Of course, the police are quite capable of doing this when needed. You only need to look at the heavy presence routinely deployed at football grounds to see that the police are happy to use aggressive tactics to break up crowds.
But despite a hundred officers eventually being deployed in Clapham, there was clearly a lack of will from political and Met leaders, forcing officers to operate within severe constraints. This, in practice, seems to have involved establishing a low level of ‘tolerable’ criminality, such as nuisance behaviour, vandalism and petty theft, and then choosing to intervene when this level escalates into something more serious, such as violence. The small number of arrests made during the disorder were for assault.

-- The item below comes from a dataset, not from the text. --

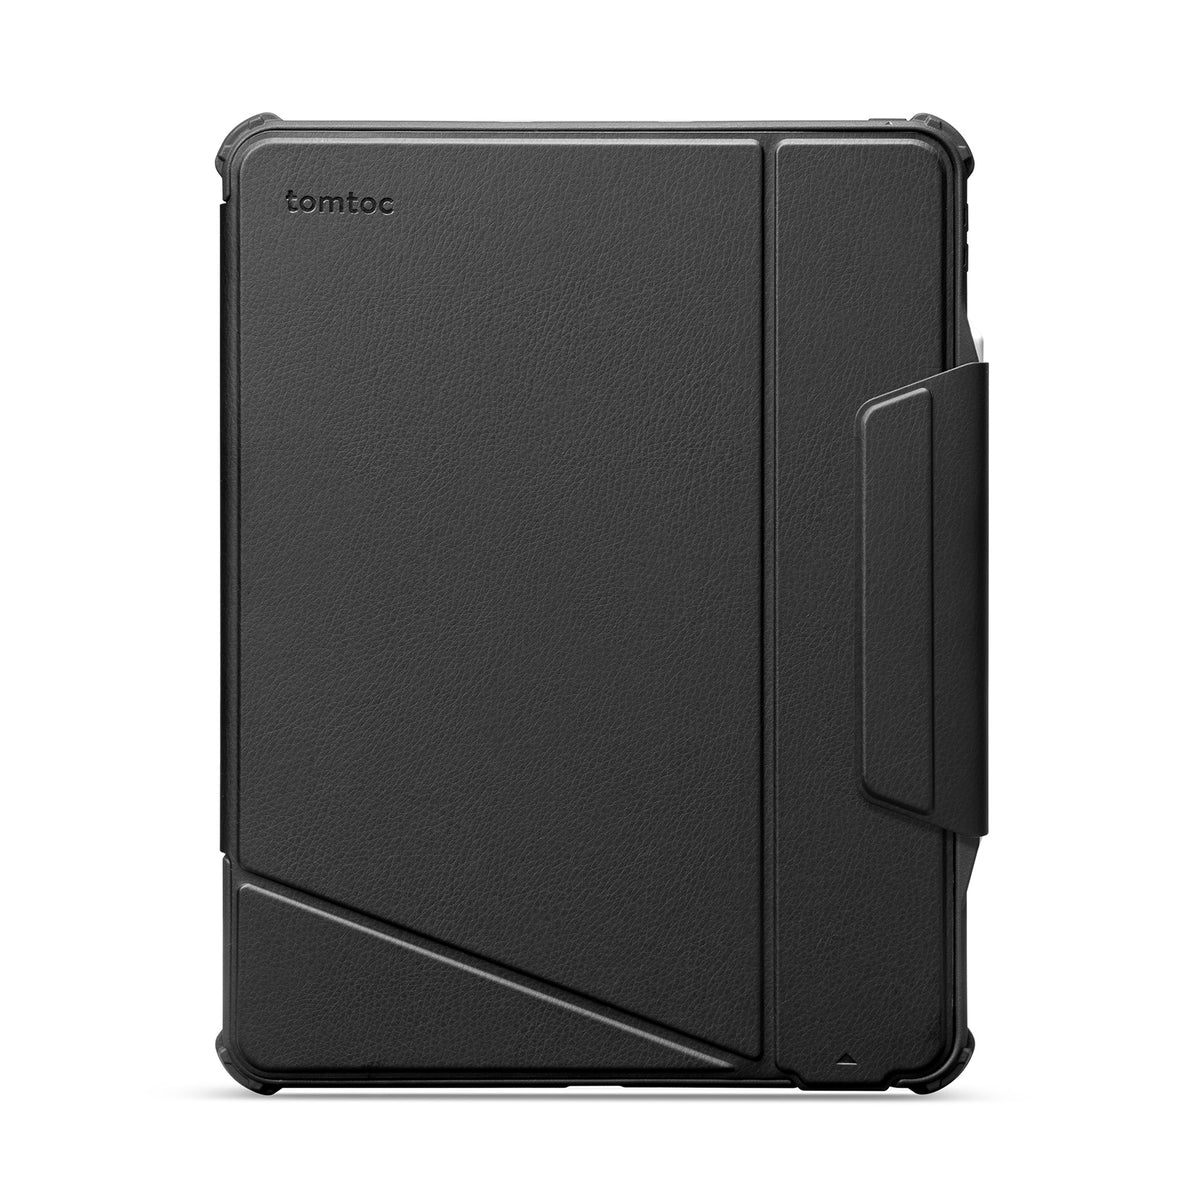 tomtoc 12.9 Inch iPad Pro Detachable Protective Case - Leather Black
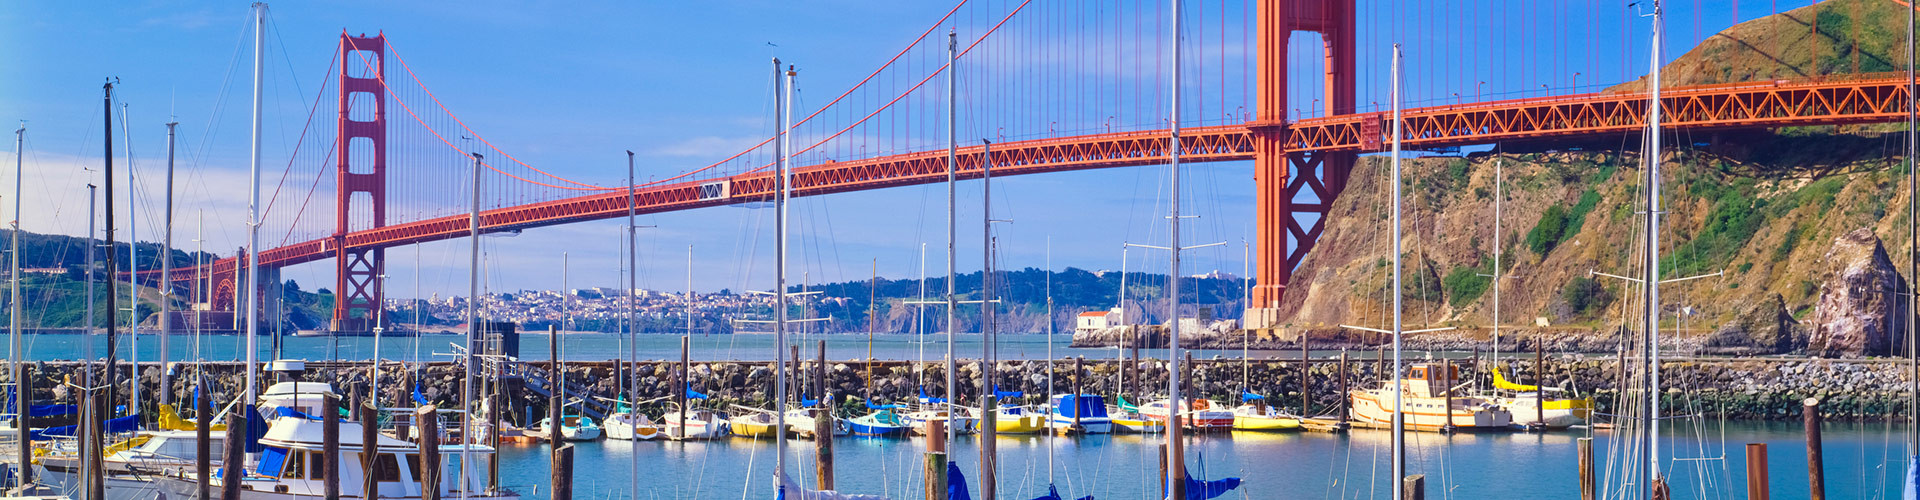 Golden Gate Bridge and sailboats

The trouble is that all sides become very aware of this arrangement. Such tactics essentially permit all sorts of lower level yet highly disruptive disorder, almost challenging the offenders to test the boundaries of their criminality. While this may be operationally pragmatic, it is a disaster for public confidence in policing
It will also inspire further such scenes, given the main lesson most people will draw is that you can effectively get away with a certain level of public disorder. Police resources are stretched, but the Met seem rudderless, and the mayor is unwilling to give the police the political support needed to take a more decisive approach to disorder.
Instead of announcing new youth club funding, Sir Sadiq would be wise to invest the money into new detention facilities across London. But he also needs to stand behind the police and encourage a more proactive approach to detention that is strong enough to disperse an unruly mob.